ACLU takes legal action defending rights of Maryland transgender students

BALTIMORE, Md. — The American Civil Liberties Union filed a motion today to defend a Maryland school board’s policies that prevent discrimination, harassment, and stigmatization of transgender and gender nonconforming students in the school system. The policies ensure that transgender students can, among other things, use school facilities in accordance with their gender identity.

A federal lawsuit against the Frederick County School Board was filed anonymously by a non-transgender student and her mother, who claim that allowing transgender students restroom and locker room access infringes upon student privacy rights. However, the only privacy violation alleged in the plaintiff’s complaint was an incident that did not even involve any students that are transgender. The lawsuit also seeks to invalidate policies preventing harassment, and protecting the confidentiality and privacy of transgender students.

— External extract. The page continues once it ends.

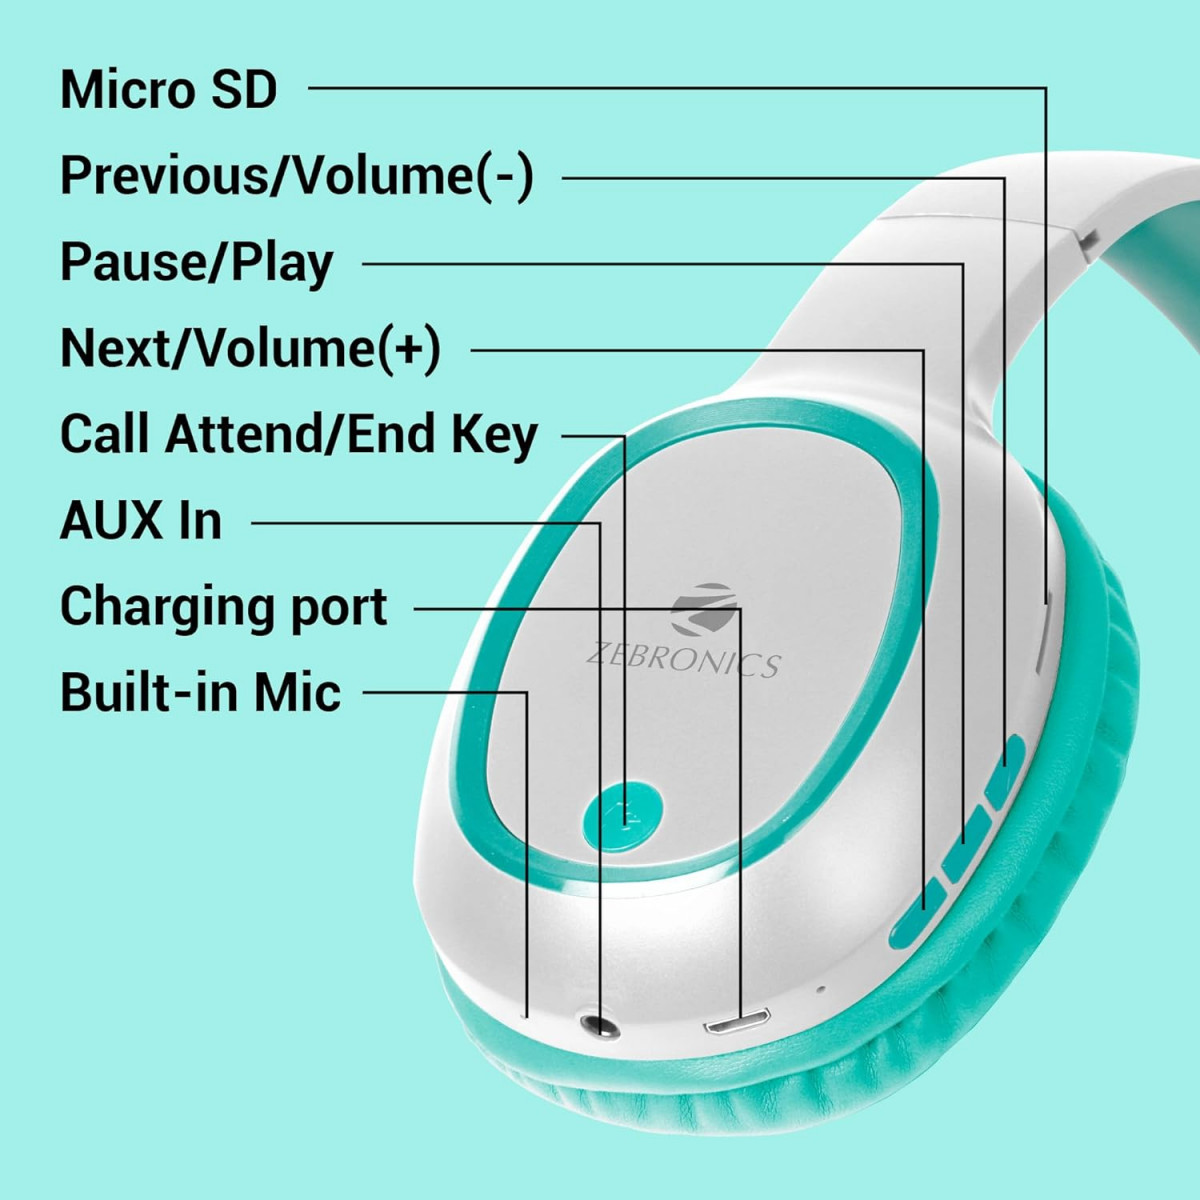 ZEBRONICS Thunder Bluetooth 53 Wireless Over Ear Headphones Sea Green

The motion to intervene in the pending lawsuit was filed by the ACLU, ACLU of Maryland, and Free State Justice on behalf of James van Kuilenburg, an honor student at Governor Thomas High School who is transgender.

The school board’s policies, adopted in June 2017, were welcomed by community members from all over Frederick County. Van Kuilenburg says that the policies “gave me the ability to finally be myself and access all parts of my education.”

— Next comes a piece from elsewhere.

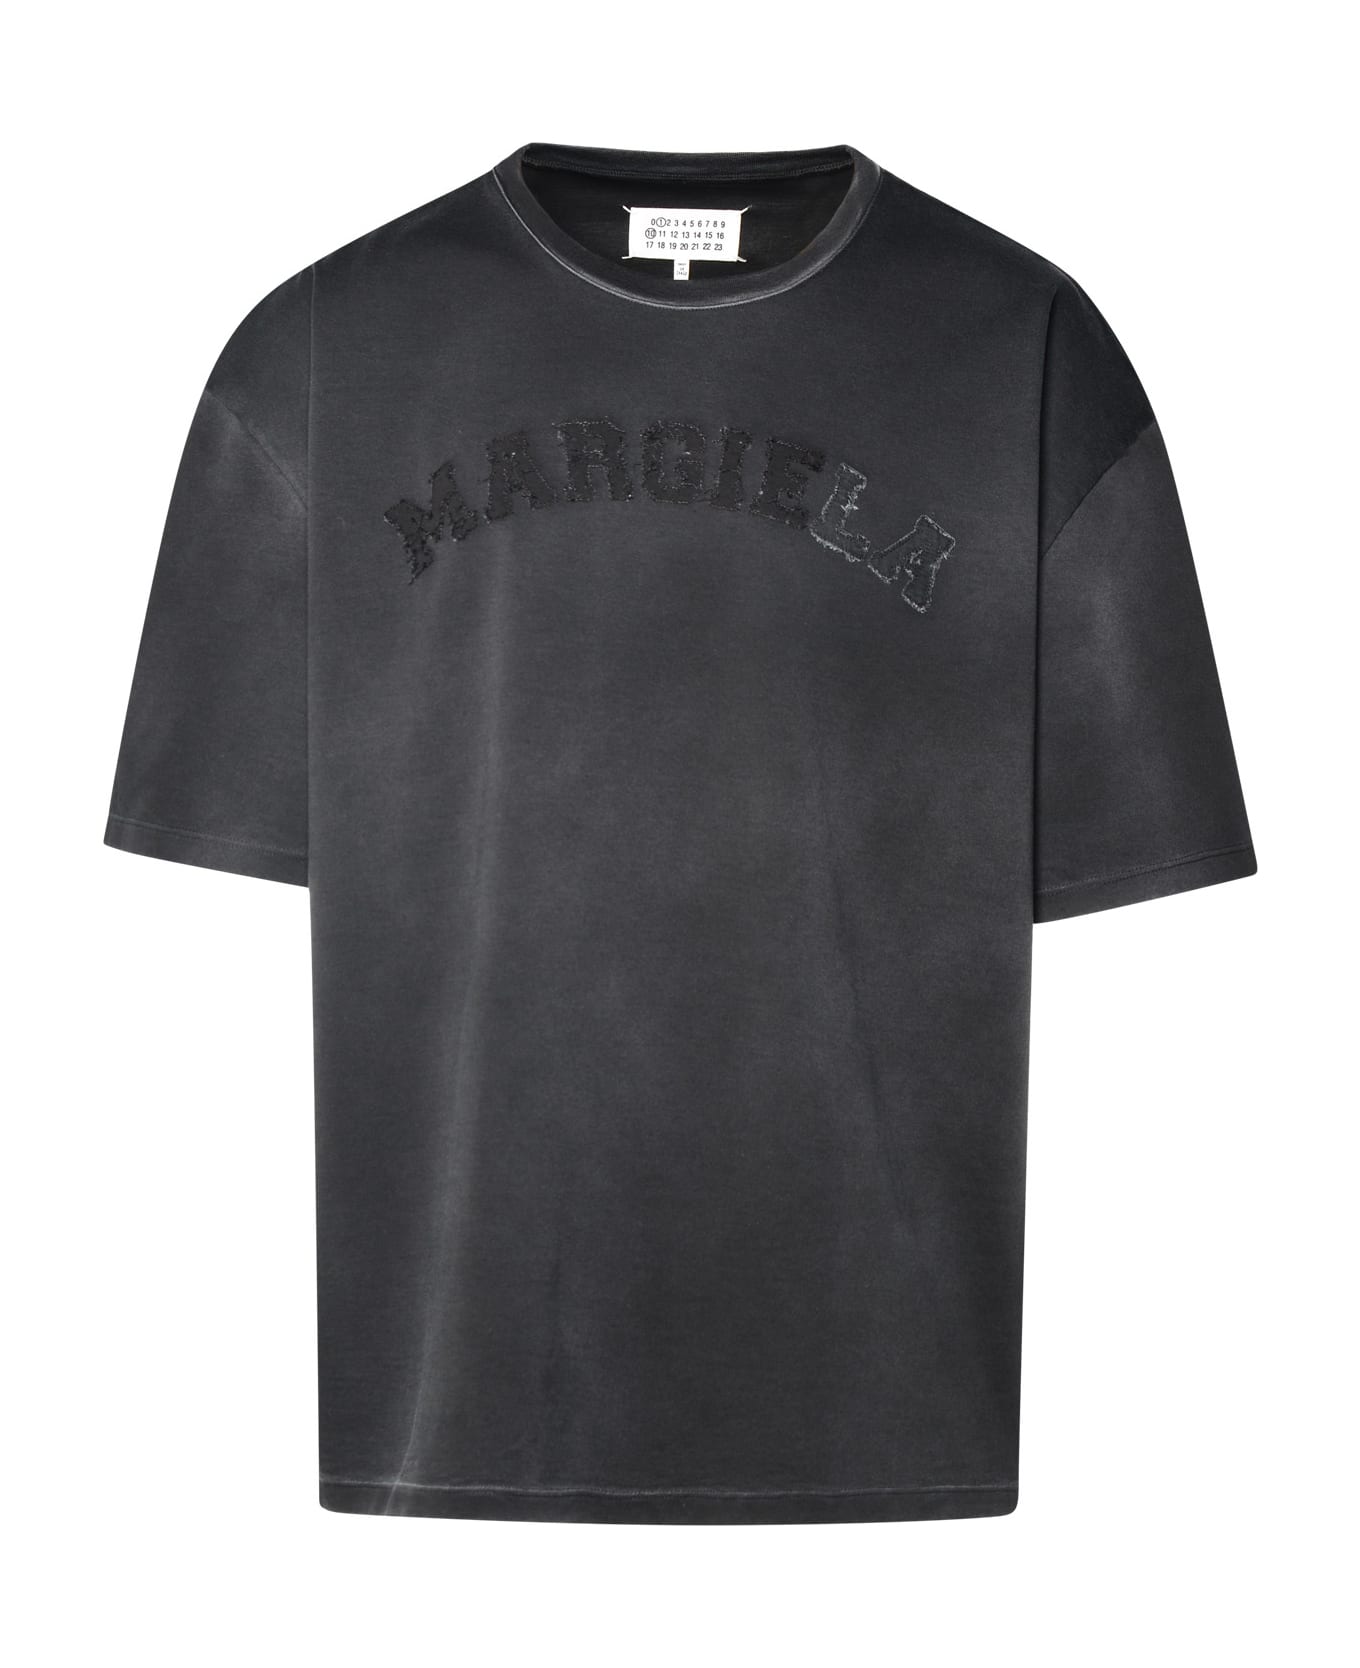 Maison Margiela Black Cotton T-shirt - GREY

In the wake of the lawsuit, the Frederick County group “Support FCPS Trans Students” has started a social media campaign called #IAmFrederick to show support for their transgender classmates.

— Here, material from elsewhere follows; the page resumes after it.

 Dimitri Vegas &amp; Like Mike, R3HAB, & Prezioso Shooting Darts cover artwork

According to van Kuilenburg, reversal of the policies would be “devastating.”

“There is an epidemic of trans students feeling unsafe, depressed, and suicidal,” he explained, and a removal of the policies in place to protect them would “create a culture of fear and misunderstanding.”

“It’s important that trans students are given the opportunity to defend themselves against these shameful attempts to isolate and stigmatize them,” said Gabriel Arkles, senior staff attorney at the ACLU LGBT & HIV Project. He added, “Schools can and should provide extra privacy protections or private restroom or changing areas for any student who requests it. But no student has a right to demand that transgender students be segregated from their peers.”

“The Frederick County School Board did the right thing: they created policies that affirm and respect their students’ gender identity,” said Jennifer Kent, managing attorney of FreeState Justice. “We intend to vigorously defend these policies in the interests of our client and affected students in Frederick County Public Schools.”

Counsel on the motion to intervene also includes Leslie Cooper and Arkles of the ACLU; David Rocah and Nick Steiner of the ACLU of Maryland; and John Hayes, Brian Whittaker, and Kenneth Nichols of the law firm Nixon Peabody.